Draft Recommendation Statement issued by U.S. Preventive Services Task Force on Illicit drug use screening, including non-medical use of prescription

Draft Recommendation Statement issued by U.S. Preventive Services Task Force on Illicit drug use screening, including non-medical use of prescription

August 19, 2019

The U.S. Preventive Services Task Force (Task Force) has come up with a recommendation statement about screening for illicit drug use, including nonmedical use of prescription drugs, in case of adults. As per them, there was not enough evidence to make a recommendation for or against screening teens ages 12 to 17 and is calling for more research in this important population.

Just drug screening is not enough to ensure safety today as illicit drug use is known to be among the most common causes of preventable death, injury, and disability in United States and also many other countries. Illicit drug can include using illegal drugs or using a prescription drug in a way that is not recommended by a clinician. Screening will involve asking questions about the drug use, frequency of use, or risks related to use.

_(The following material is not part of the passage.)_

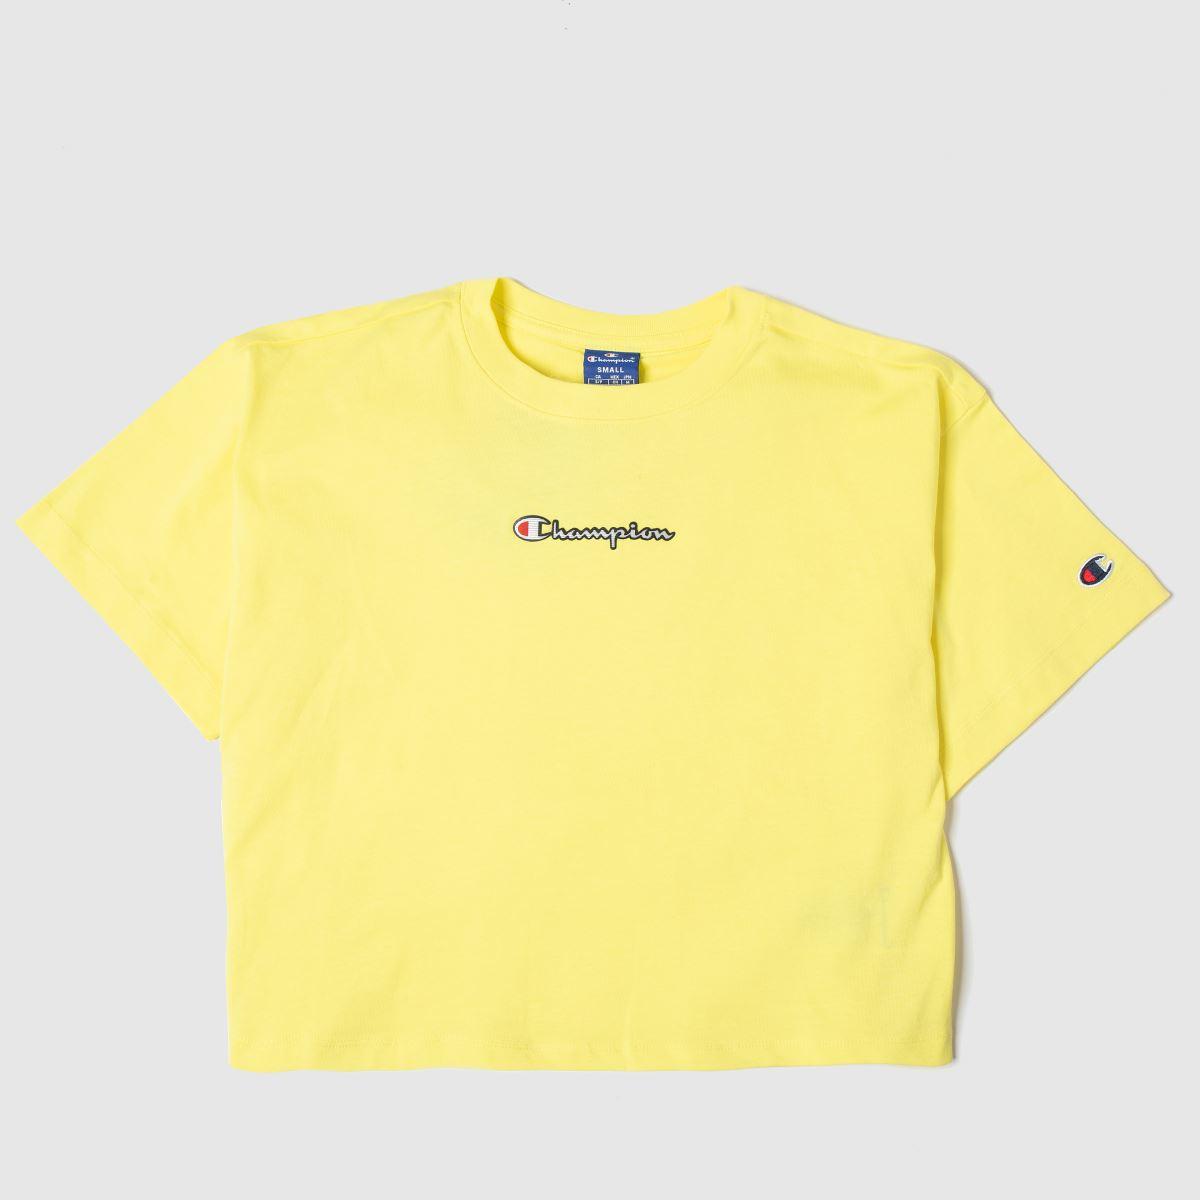 Champion Clothing Champion Yellow Cropped T-shirt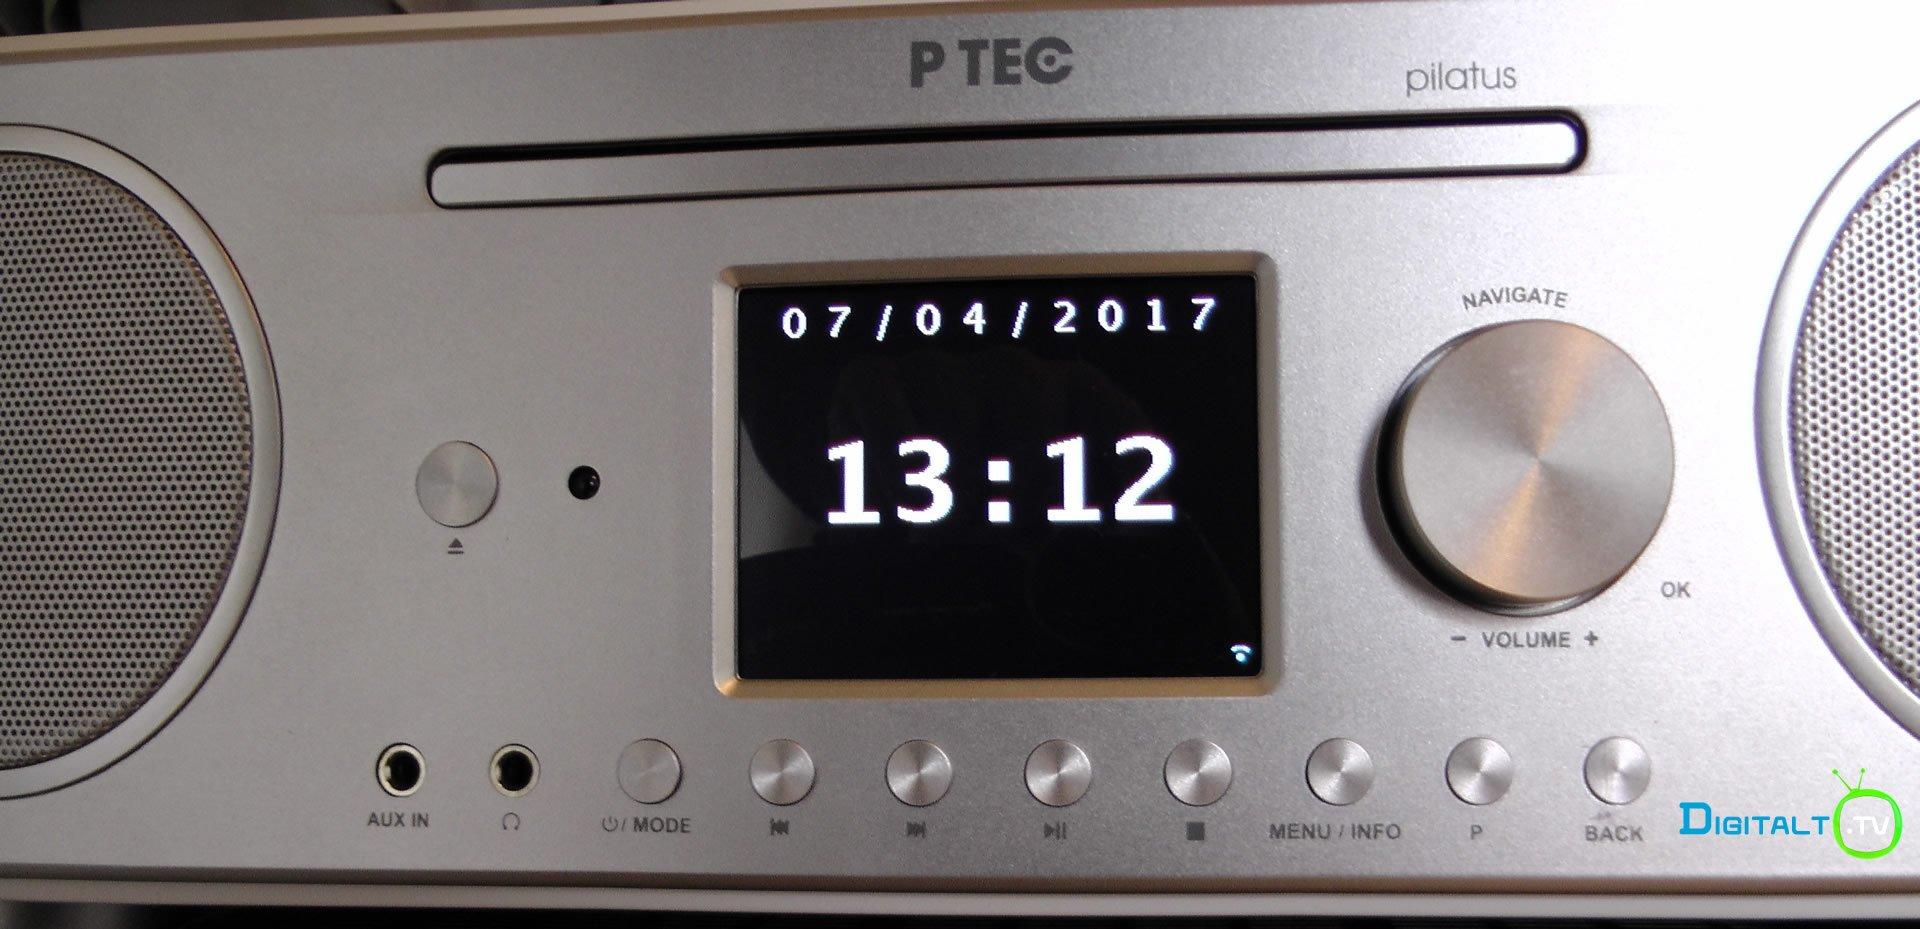 Pilatus front display ur

Illicit drug use can have a devastating impact on individuals and families,” says Task Force co-vice chair Karina Davidson, Ph.D., M.A.Sc. “Clinicians can help by screening their adult patients and connecting people who use illicit drugs to the care they need to get better.”

This draft is an update to the recommendation made by the Task Force in the year 2008 about the screening tools and new studies on the benefits and harms of treatment in adults. The current draft also highlights the importance of having systems in place that help people who use illicit drugs find the care they need to get better.

We want to help prevent illicit drug use in teens, so we’re calling for more research on the benefits of screening,” says task Force member Carol Mangione, M.D., M.S.P.H. “Clinicians should continue to use their professional judgement to determine whats best for their teen patients.”

Parents and caregivers are suggested to talk to the teen’s clinician if they are concerned about teen drug use or if they see physical or behavioural evidence of the drug use.